**Data extracts**.

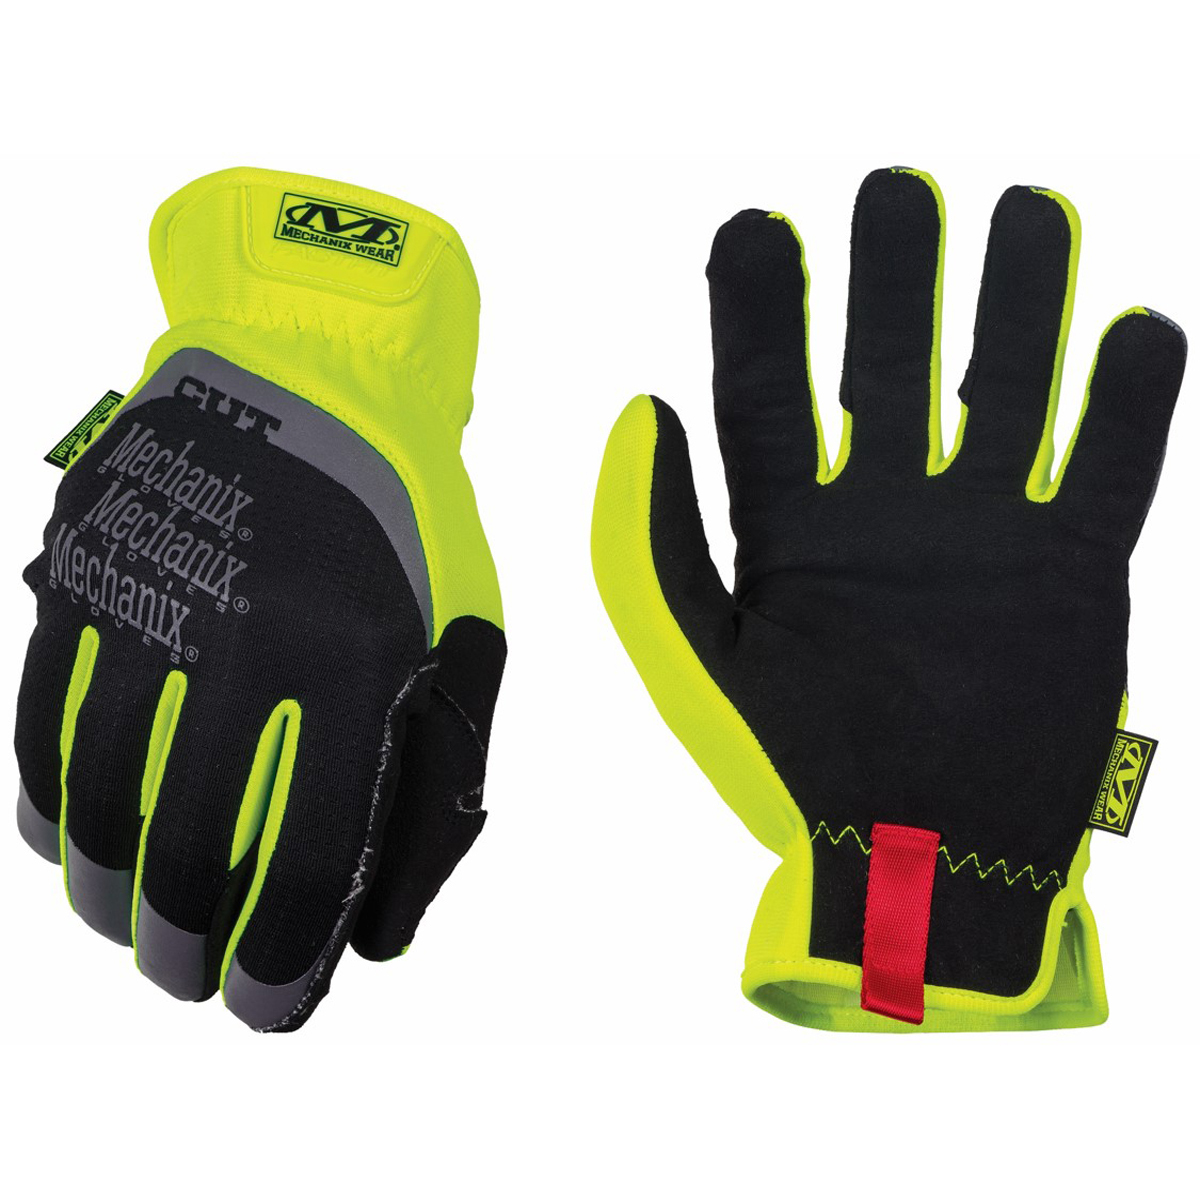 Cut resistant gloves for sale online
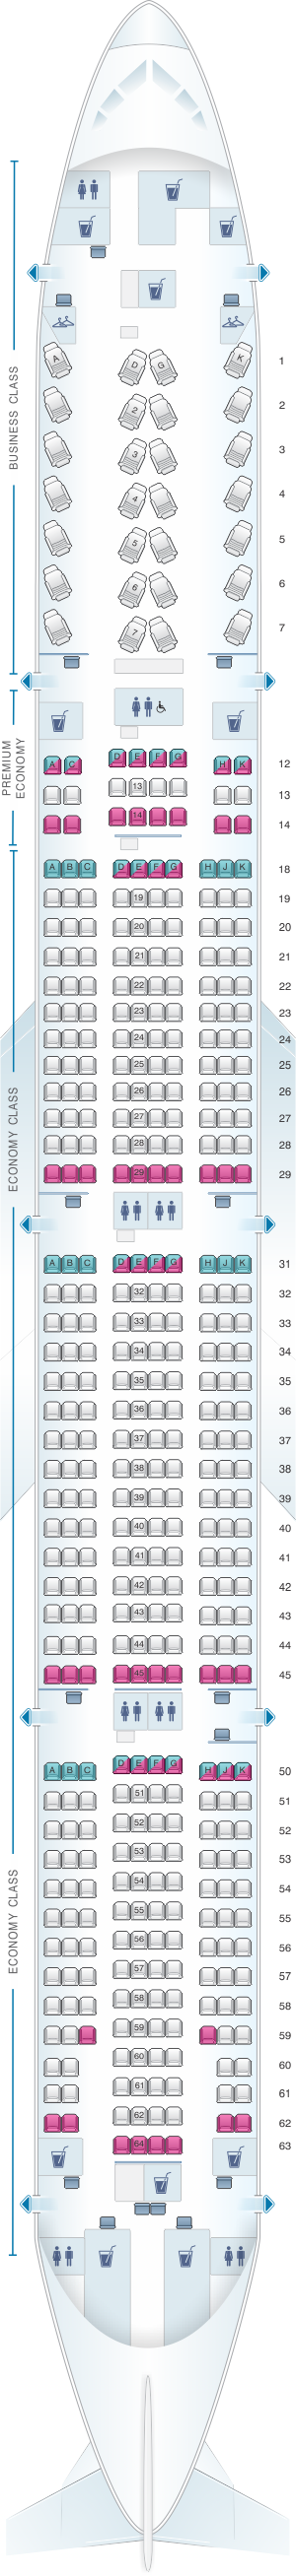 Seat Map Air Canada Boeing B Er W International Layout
* * *
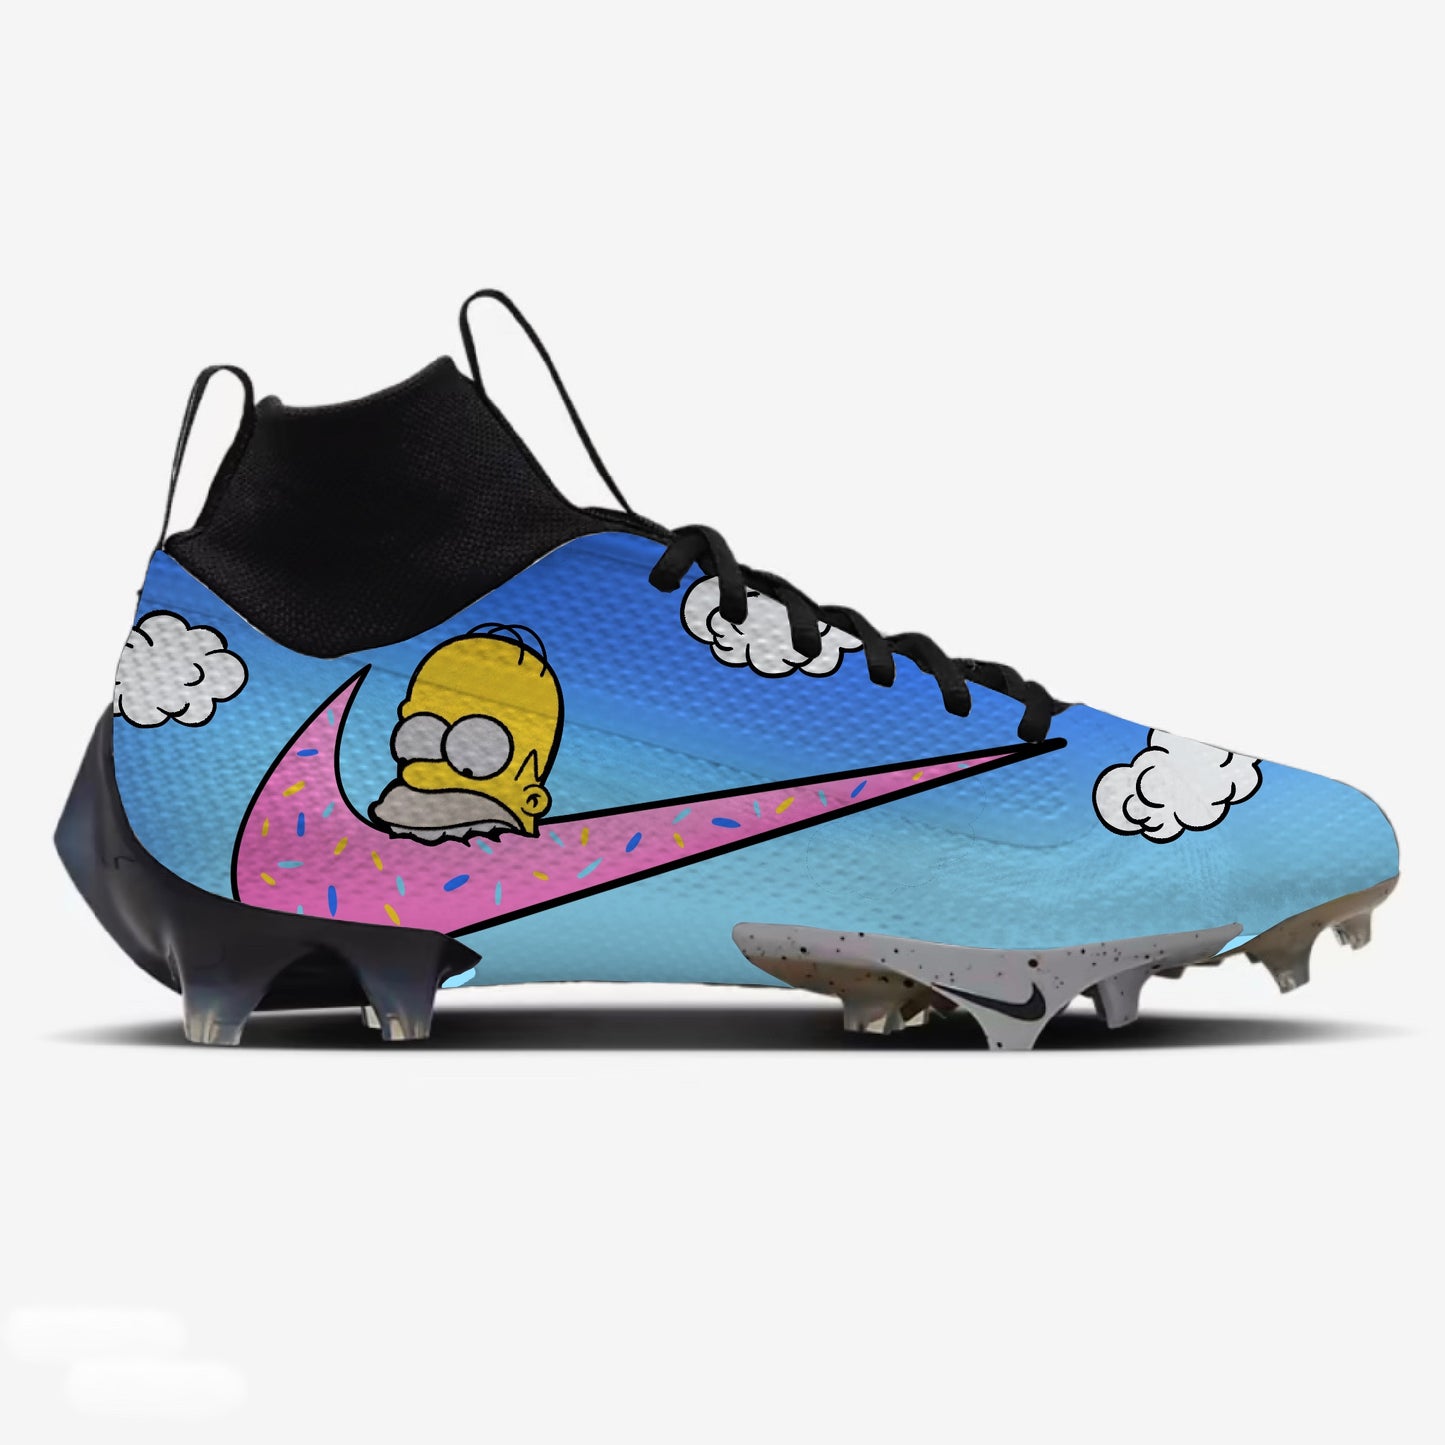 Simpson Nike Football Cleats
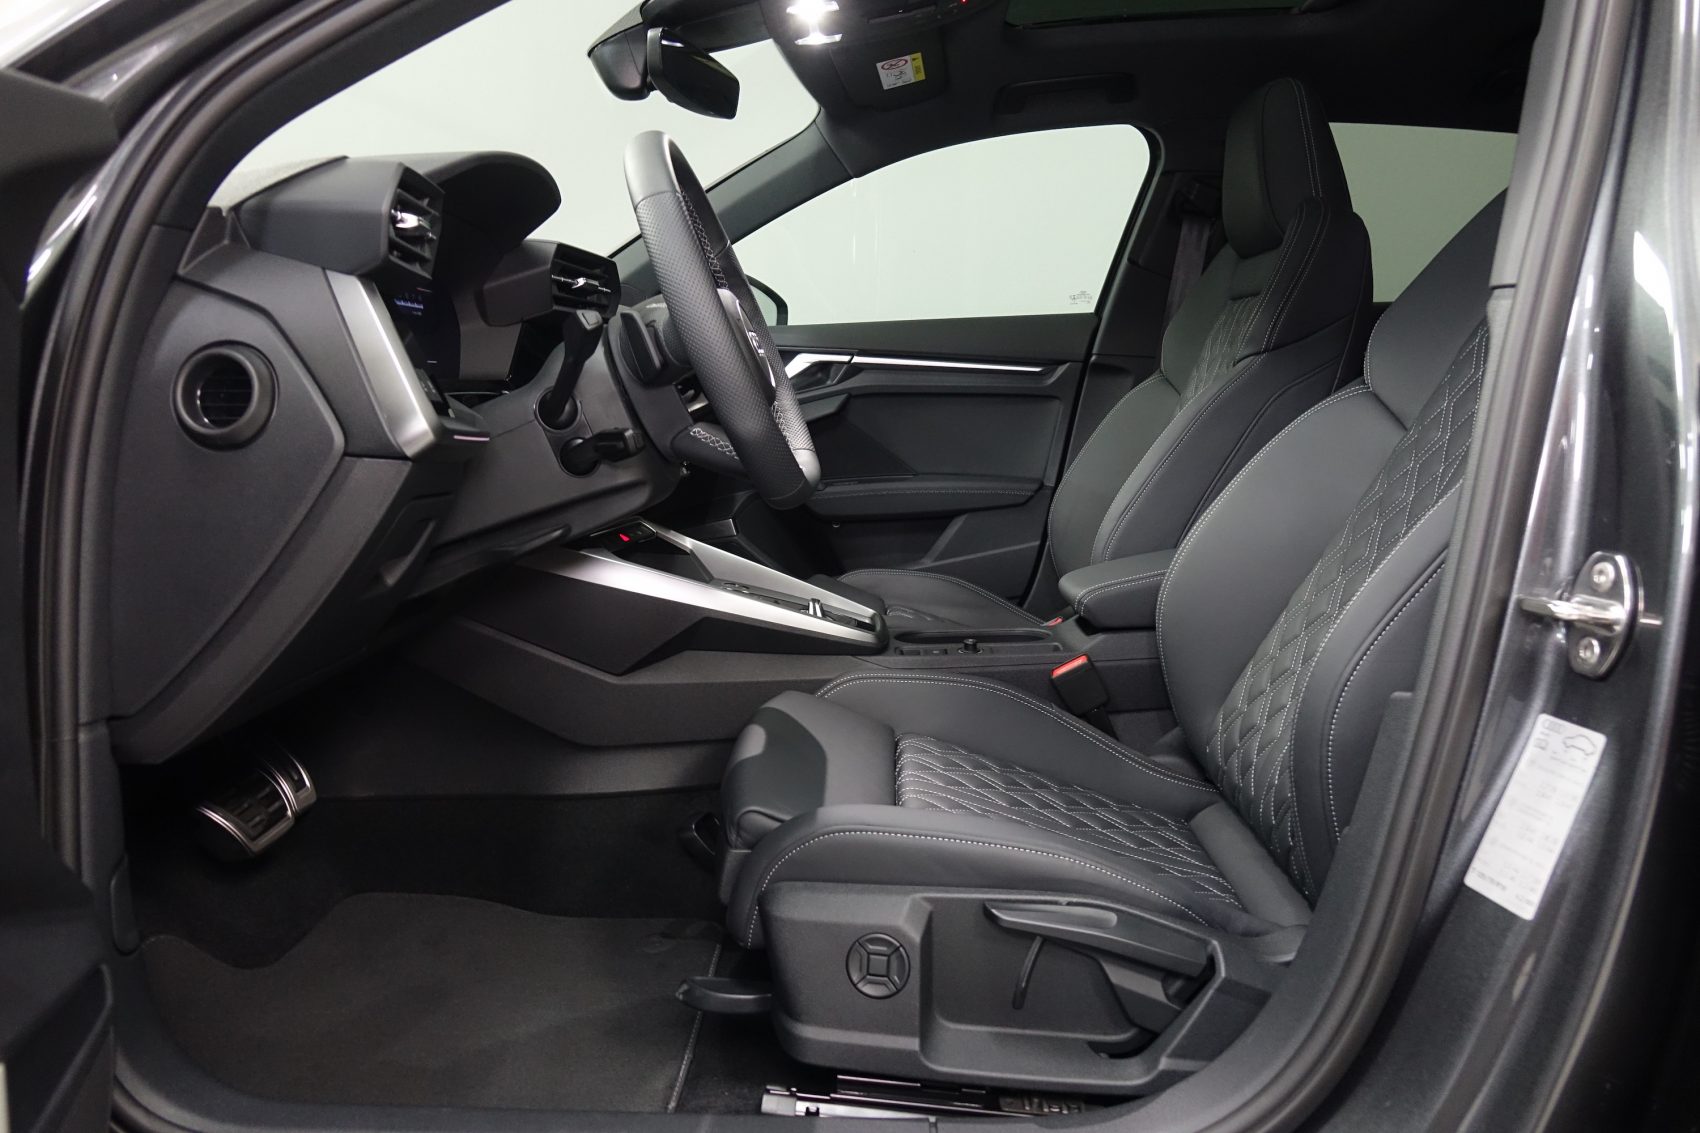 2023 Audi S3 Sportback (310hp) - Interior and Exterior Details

**Task objective**.
Extract the part of the records that opens with the line containing "Simpson Nike Football Cleats" and closes with the line containing "2023 Audi S3". Take only those lines, exactly, and no pictures.

**Reply**.
 Simpson Nike Football Cleats
 2023 Audi S3 Sportback (310hp) - Interior and Exterior Details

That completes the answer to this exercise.